We are a startup building AI agents and consumer devices. Users prompt agents to take actions across their tools, and use our custom devices to capture intent on the go. We are a small team based in Shenzhen and New York and our founder previously started a unicorn company in Silicon Valley.
We are looking for a few freelance CG artists to help create high-quality product images and videos for our smart ring. You will work from product references, CAD/STP files, CMF direction, and factory samples to produce polished renders, short videos, turntables, and motion assets for website, ads, social, investor materials, and product decision-making.
This is a freelance role. We care most about taste, speed, realism, motion sense, and the ability to turn loose direction into strong visual output without heavy hand-holding.
Responsibilities
  • Create photorealistic renders of a small consumer hardware product, primarily a smart ring.
  • Produce product images and videos for website, ads, social, pitch decks, and internal design reviews.
  • Create short product videos, turntables, motion tests, launch visuals, and social/ad clips.
  • Animate camera moves, product reveals, material transitions, LED states, charging moments, and simple interaction concepts.
  • Build realistic material studies across ceramic, metal, resin, glass, plastic, LED, and charging/contact details.
  • Create multiple CMF and finish explorations quickly from loose references.
  • Work with CAD/STP files, product photos, factory drawings, and reference images.
  • Set up clean lighting, camera angles, surfaces, and compositions that make a small wearable product feel premium.
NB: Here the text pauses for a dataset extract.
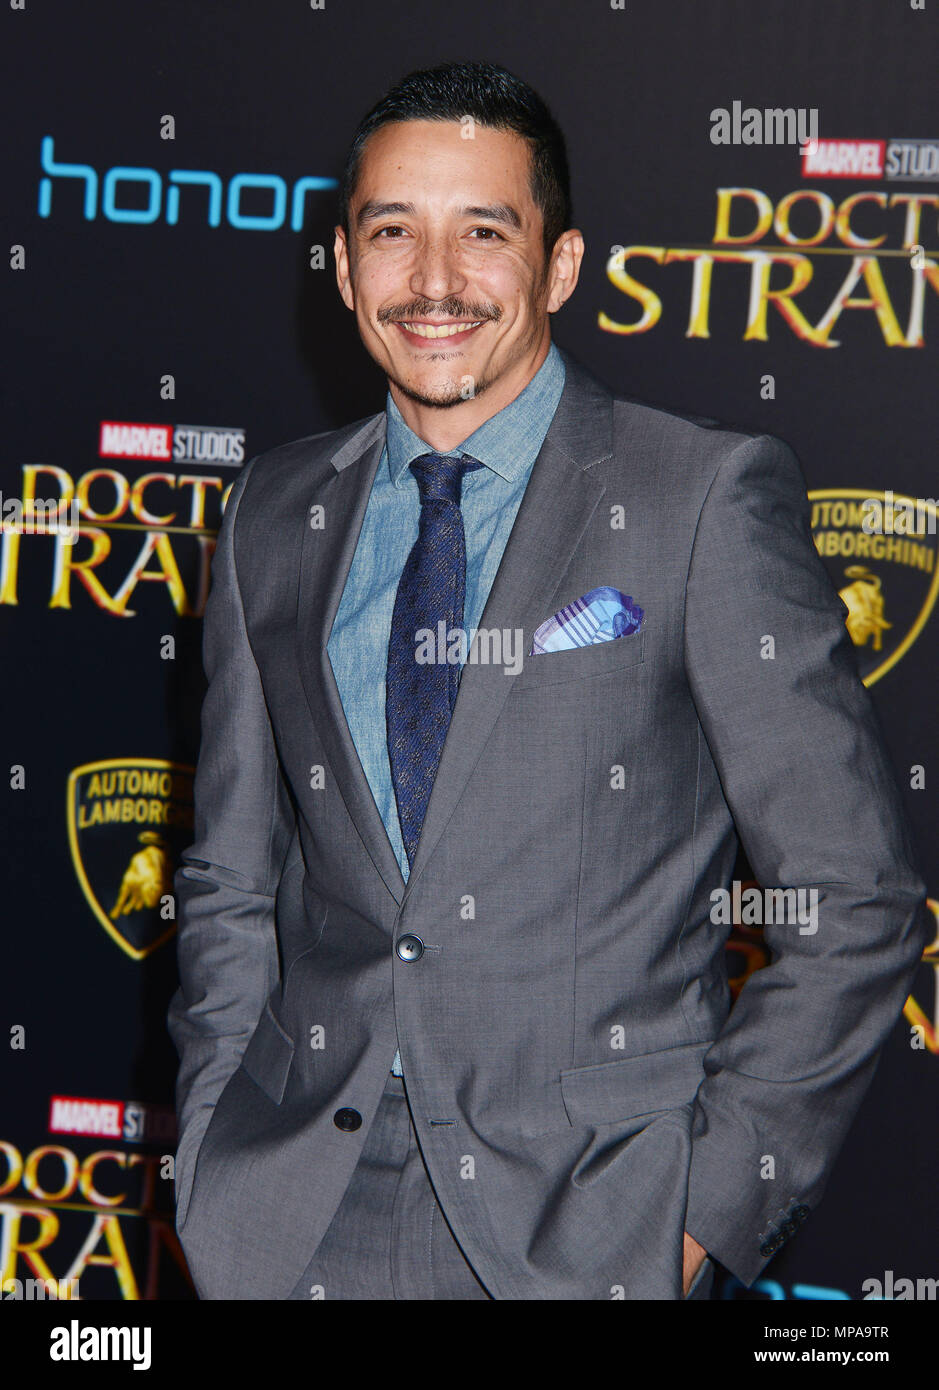 Gabriel Luna At The Doctor Strange Premiere At The El Capitan And Tcl Chinese Theatre In Los Angeles October 16 Gabriel Luna Red Carpet Event Vertical Usa Film Industry Celebrities Photography

  • Deliver organized source files and export-ready still/video assets in clean, reusable formats.
  • Iterate quickly based on feedback from product, marketing, and hardware teams.
Requirements
  • Strong portfolio of product rendering work, ideally consumer electronics, wearables, jewelry, watches, rings, or small hardware.
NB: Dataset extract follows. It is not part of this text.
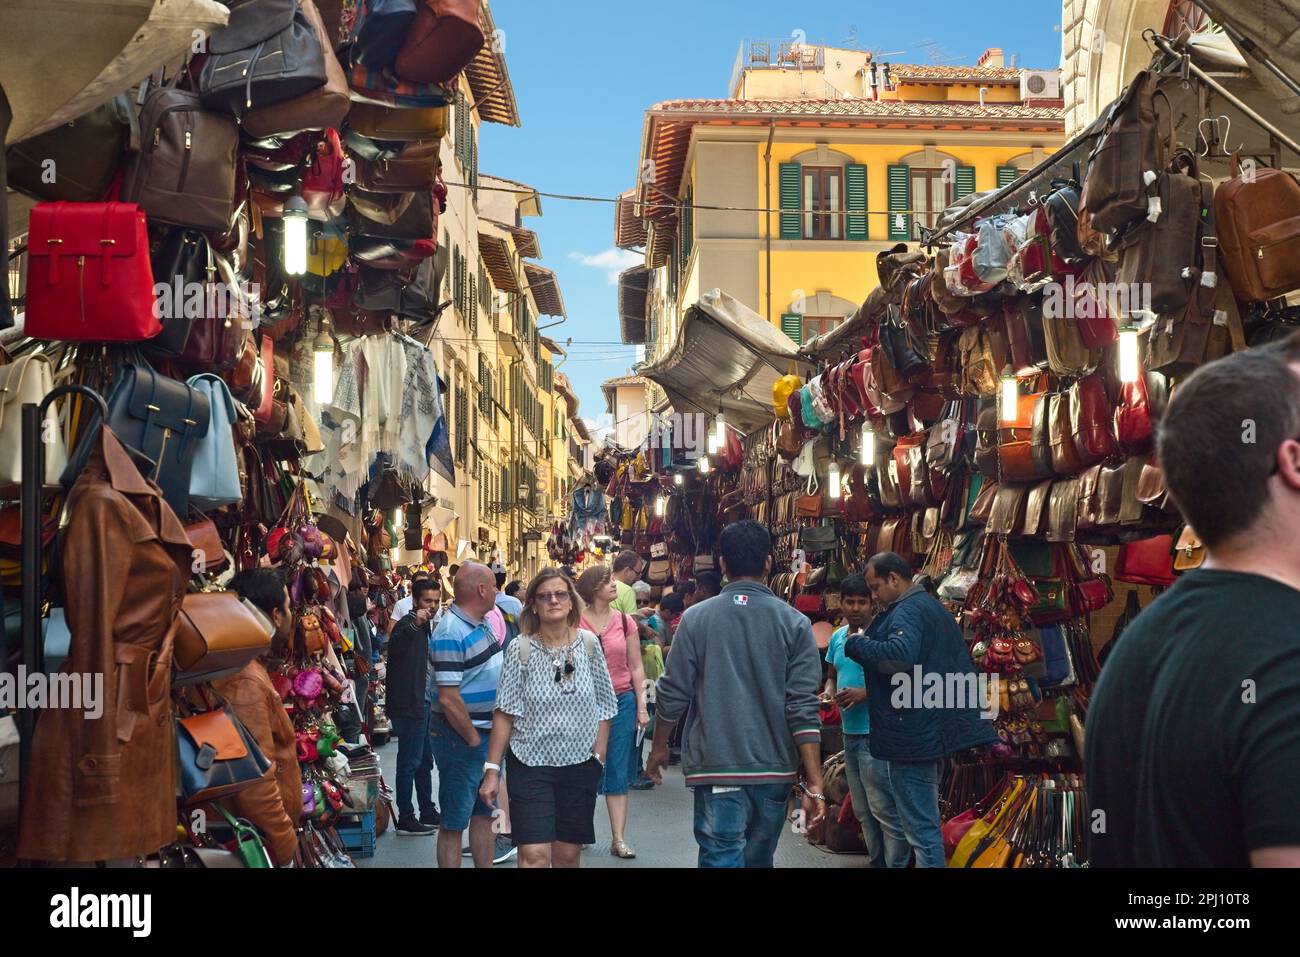 Crowds browse among the leather goods vendors on a narrow street outside the Central Market) on a bright sunny day in Florence, Italy, Stock Photo

  • Strong portfolio of product video, animation, motion graphics, or short 3D product ads.
  • Excellent sense of lighting, materials, composition, scale, and product detail.
  • Experience with Blender, Cinema 4D, KeyShot, Redshift, Octane, V-Ray, After Effects, Premiere, DaVinci Resolve, or similar rendering/video tools.
  • Comfortable working from imperfect inputs: CAD files, rough product references, factory samples, and written direction.
  • Able to move quickly and produce polished outputs without a large creative team around you.
  • Strong file organization and ability to deliver final images, final videos, and editable project files.
  • Good written communication and responsiveness.
Helpful but not required
  • Experience rendering jewelry, ceramic, titanium, PVD finishes, transparent/translucent materials, or compact electronics.
  • Ability to combine 3D renders with AI video/image tools where useful.
  • Familiarity with DFM, CMF, industrial design, or factory communication.
  • Experience using AI image/video tools as part of a rendering or concept workflow.
  • Ability to lightly retouch or composite final outputs in Photoshop.
What we care about
  • Can you make a tiny object look expensive, real, desirable, and dynamic?
  • Can you create several visual directions fast, not just one perfect render slowly?
  • Can you create motion that explains the product without making it feel like a generic tech ad?
  • Can you understand product constraints without needing every detail specified?
  • Can your work help us make product and marketing decisions, not just look nice?
Application questions
  • Portfolio: link to your best product rendering and product video work.
  • Tools: what software/render engines/video tools do you use?
  • Hardware experience: have you rendered jewelry, wearables, consumer electronics, or small physical products before?
  • Workflow: if we give you a STEP file, product references, and CMF notes, what is your usual process from intake to final stills and video?
  • Motion: what types of product videos can you make well: turntables, short ads, product reveals, material studies, UI/device interaction, or something else?
  • Speed: how quickly can you usually turn around a first pass for 3-5 product render or video directions?
  • Availability: how many freelance hours per week can you take on?